After explaining the process of animal decomposition, and describing the various modes of disposing of the dead between which it is necessary to choose, the writer went on to insist that our present mode of burial is certainly injurious to health either now or in the future, and constitutes in reality a social sin of no small magnitude. A curious aspect of this question was brought to light by the mention of the large annual importation of bones for manuring the soil, while we bury a vast quantity of human bones annually, too deep in the earth to be useful agriculturally. The evils of burial customs and expenditure were also dwelt upon, and then the new, yet old plan of cremation was advocated, practically following nature’s indication, and hastening the process so as to make it safe, without unpleasantness. It was suggested that funeral rites could be most appropriately associated with cremation. “Ashes to ashes, dust to dust” would express a literal and evident fact. The condition of many churchyards, past and present, has given conclusive evidence that the present mode of burial consigns moist remains to water or damp, and generates loathsome effluvia, too often causing severe disease in those living near.

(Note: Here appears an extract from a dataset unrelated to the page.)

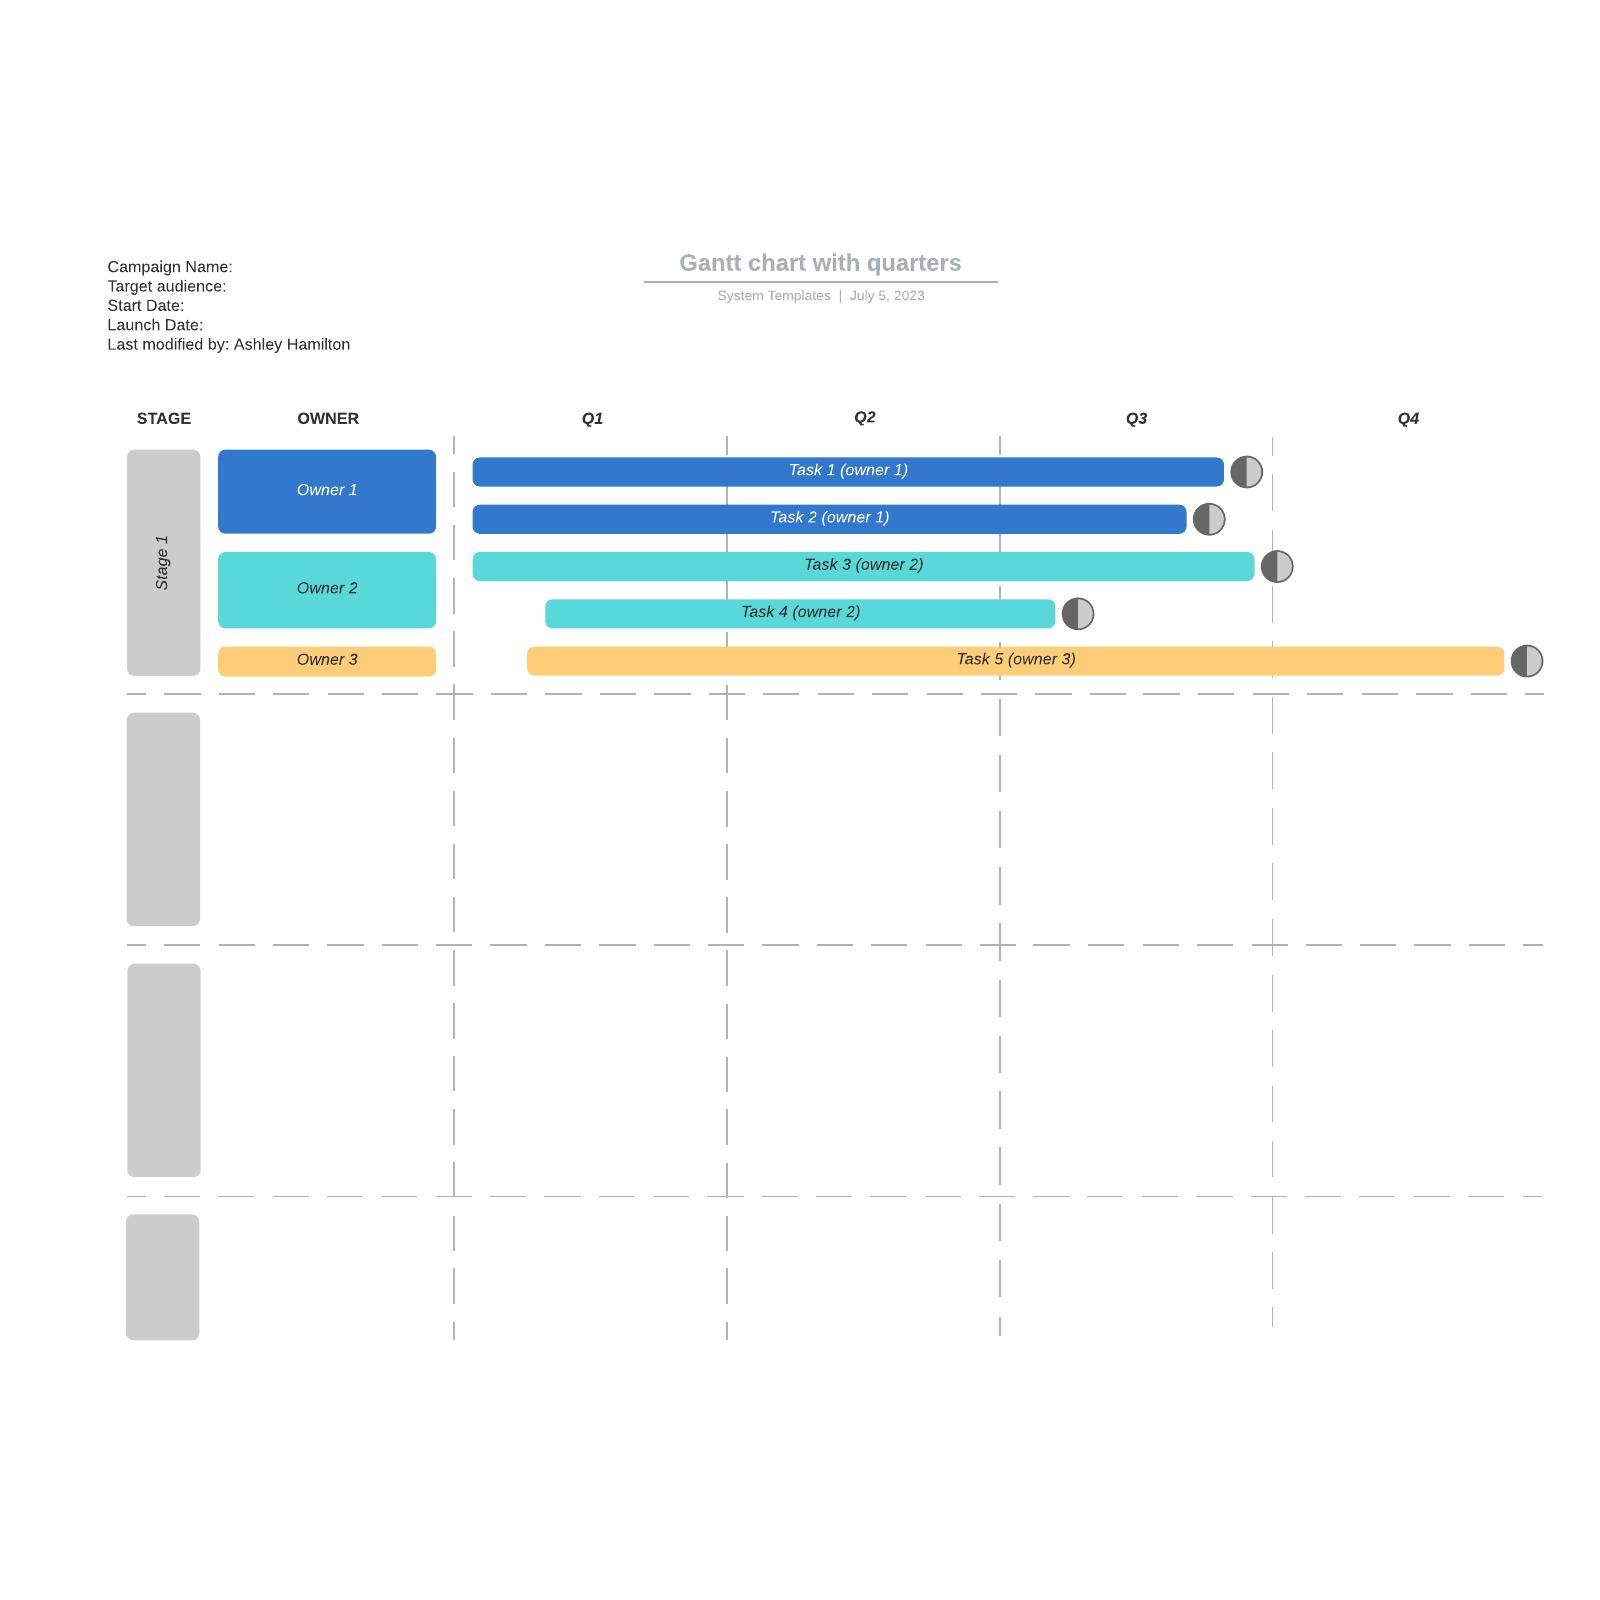 Gantt chart with quarters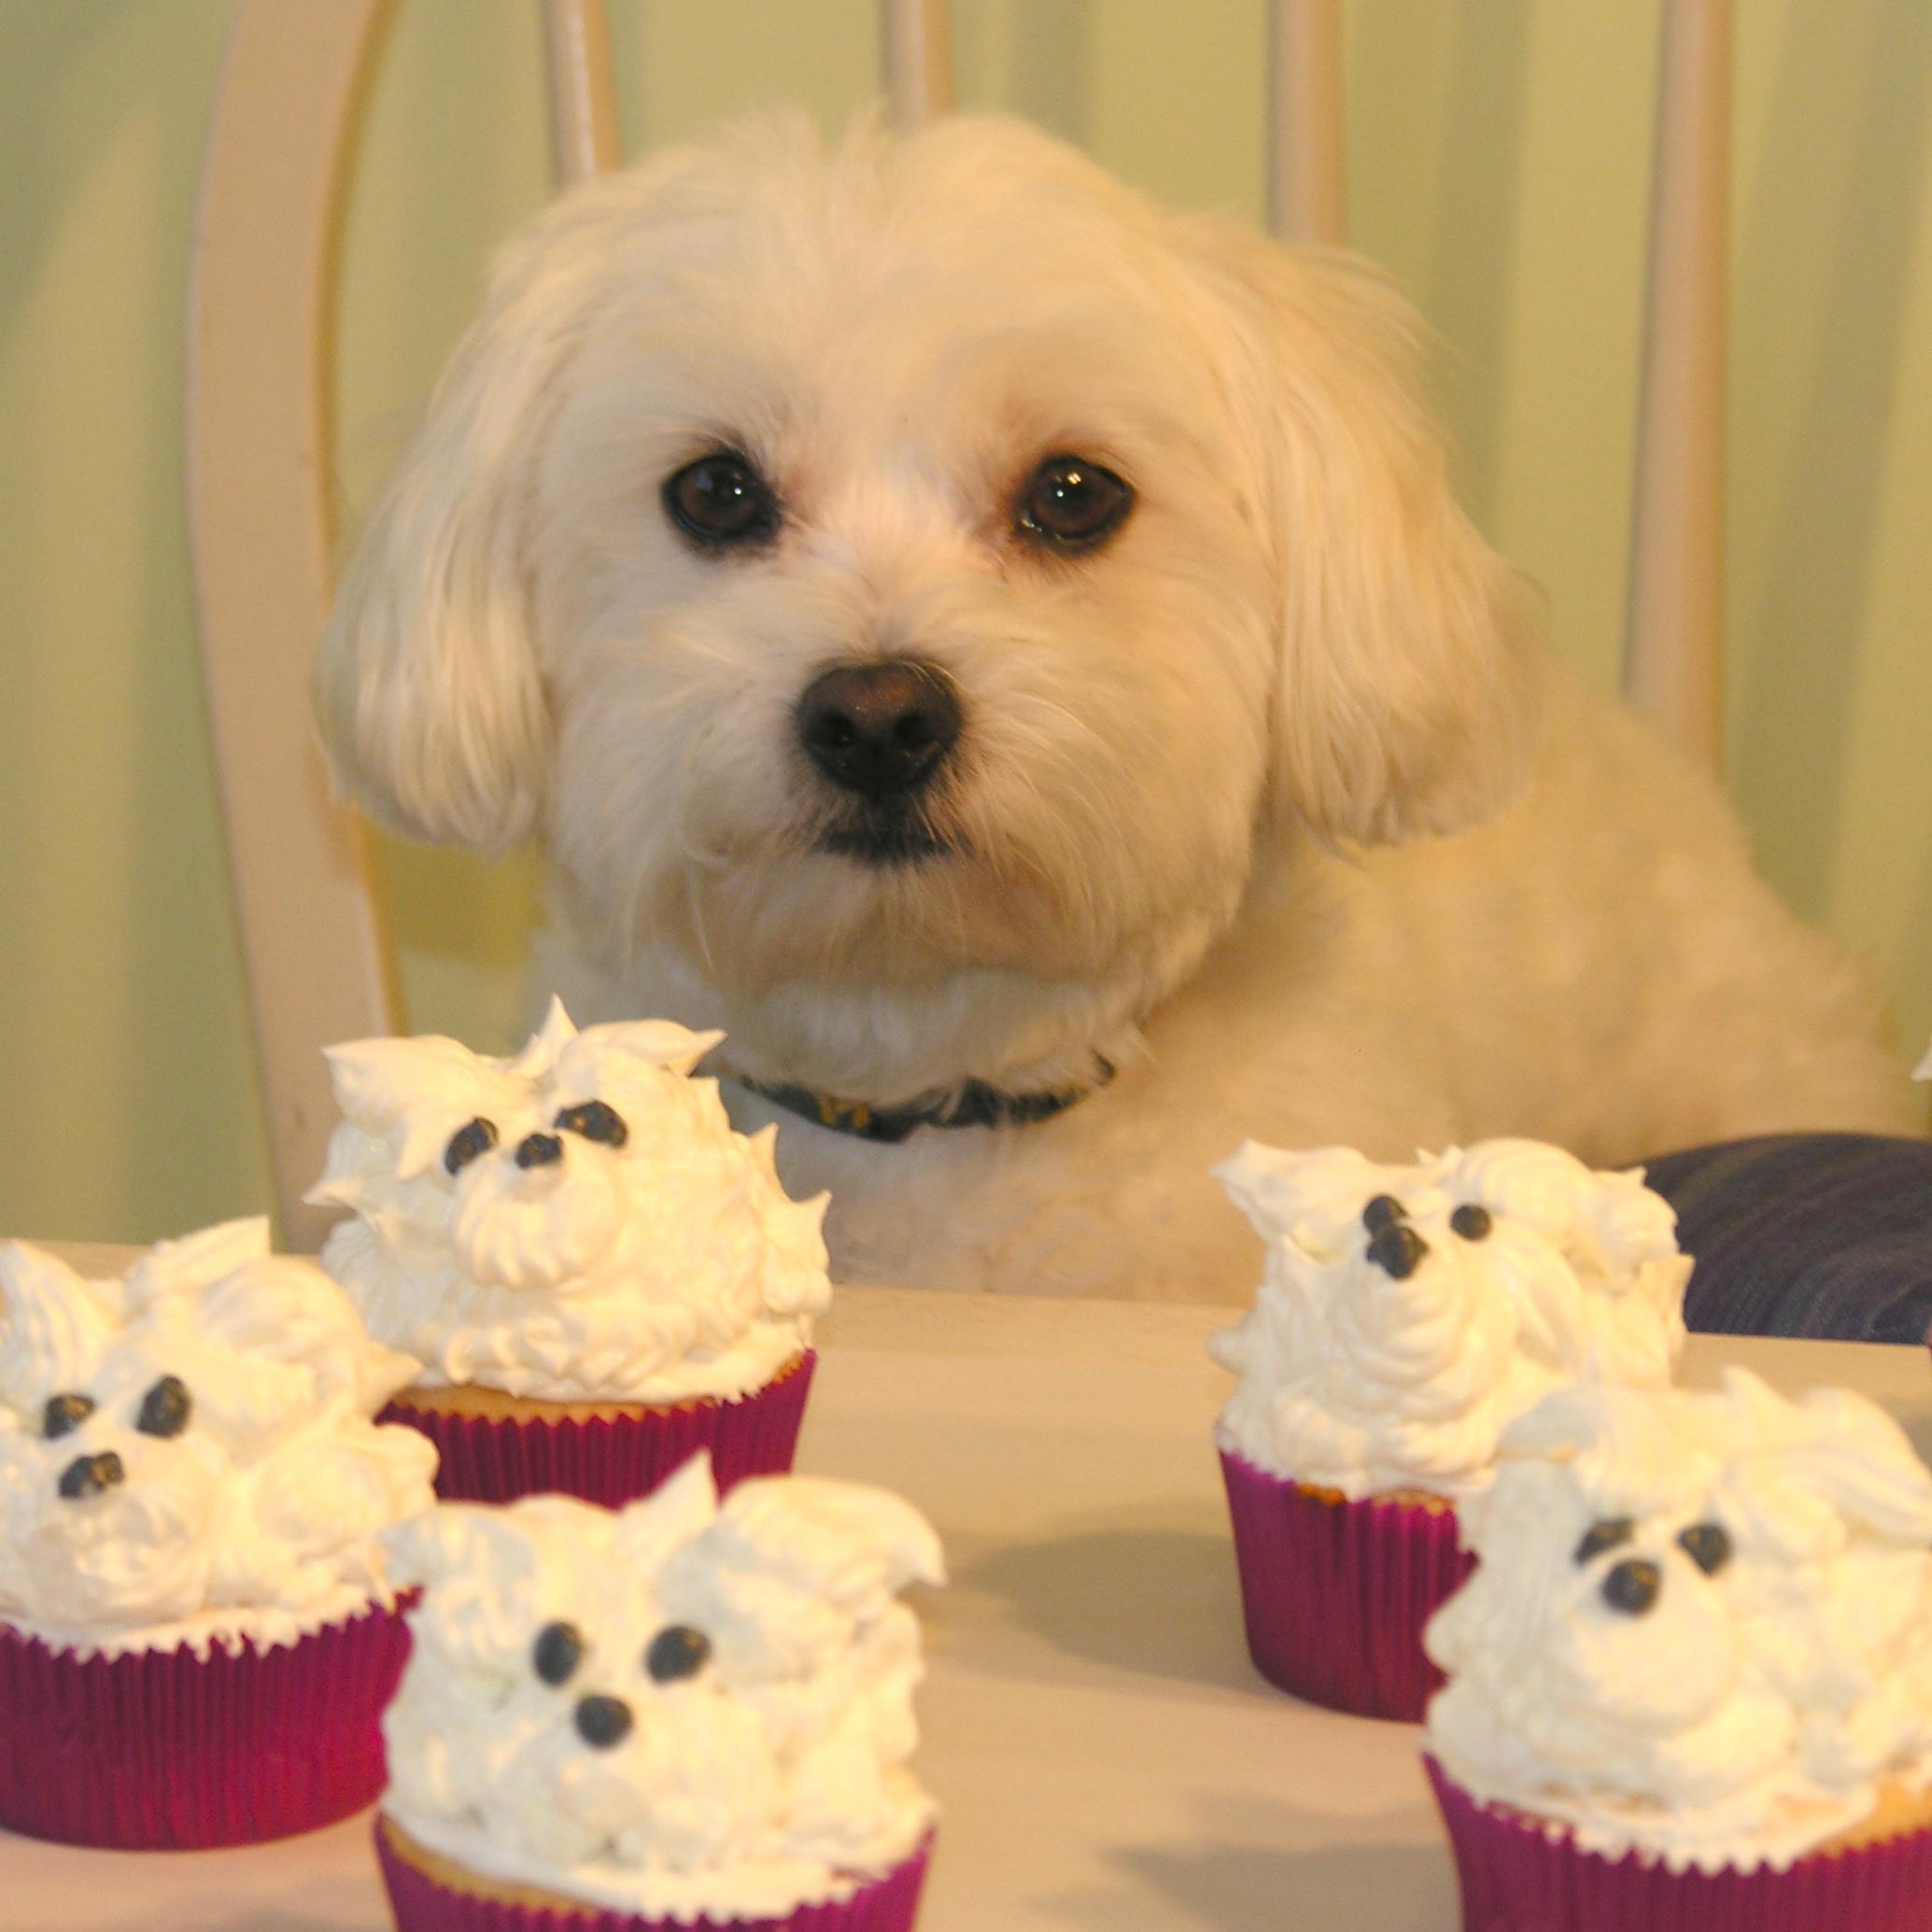 Casper And His White dog Cupcakes

This subject is still one of controversy, though it has emerged into “practical politics” by reason of a decision by Mr. Justice Stephen that cremation is not illegal under the present law. Sir Henry Thompson continues his vigorous efforts in favour of cremation.

Sir Henry has also distinguished himself as an advocate for great moderation and even total abstinence in the use of intoxicating liquors, stating that without them he can do his work better and with more zest, and that his constitution has improved under abstinence. Among his lighter works, “Food and Feeding” is pleasant and popular; while a still later display of varied literary tastes is seen in a medical novel, “Charley Kingston’s Aunt,” published under the pseudonym of Pen Oliver.

The artistic tastes and attainments of Sir Henry Thompson are well known. He studied painting under Elmore and Alma Tadema, and has frequently exhibited at the Royal Academy. He has a very fine collection of blue and white Nankin china, of which a quarto catalogue has been published.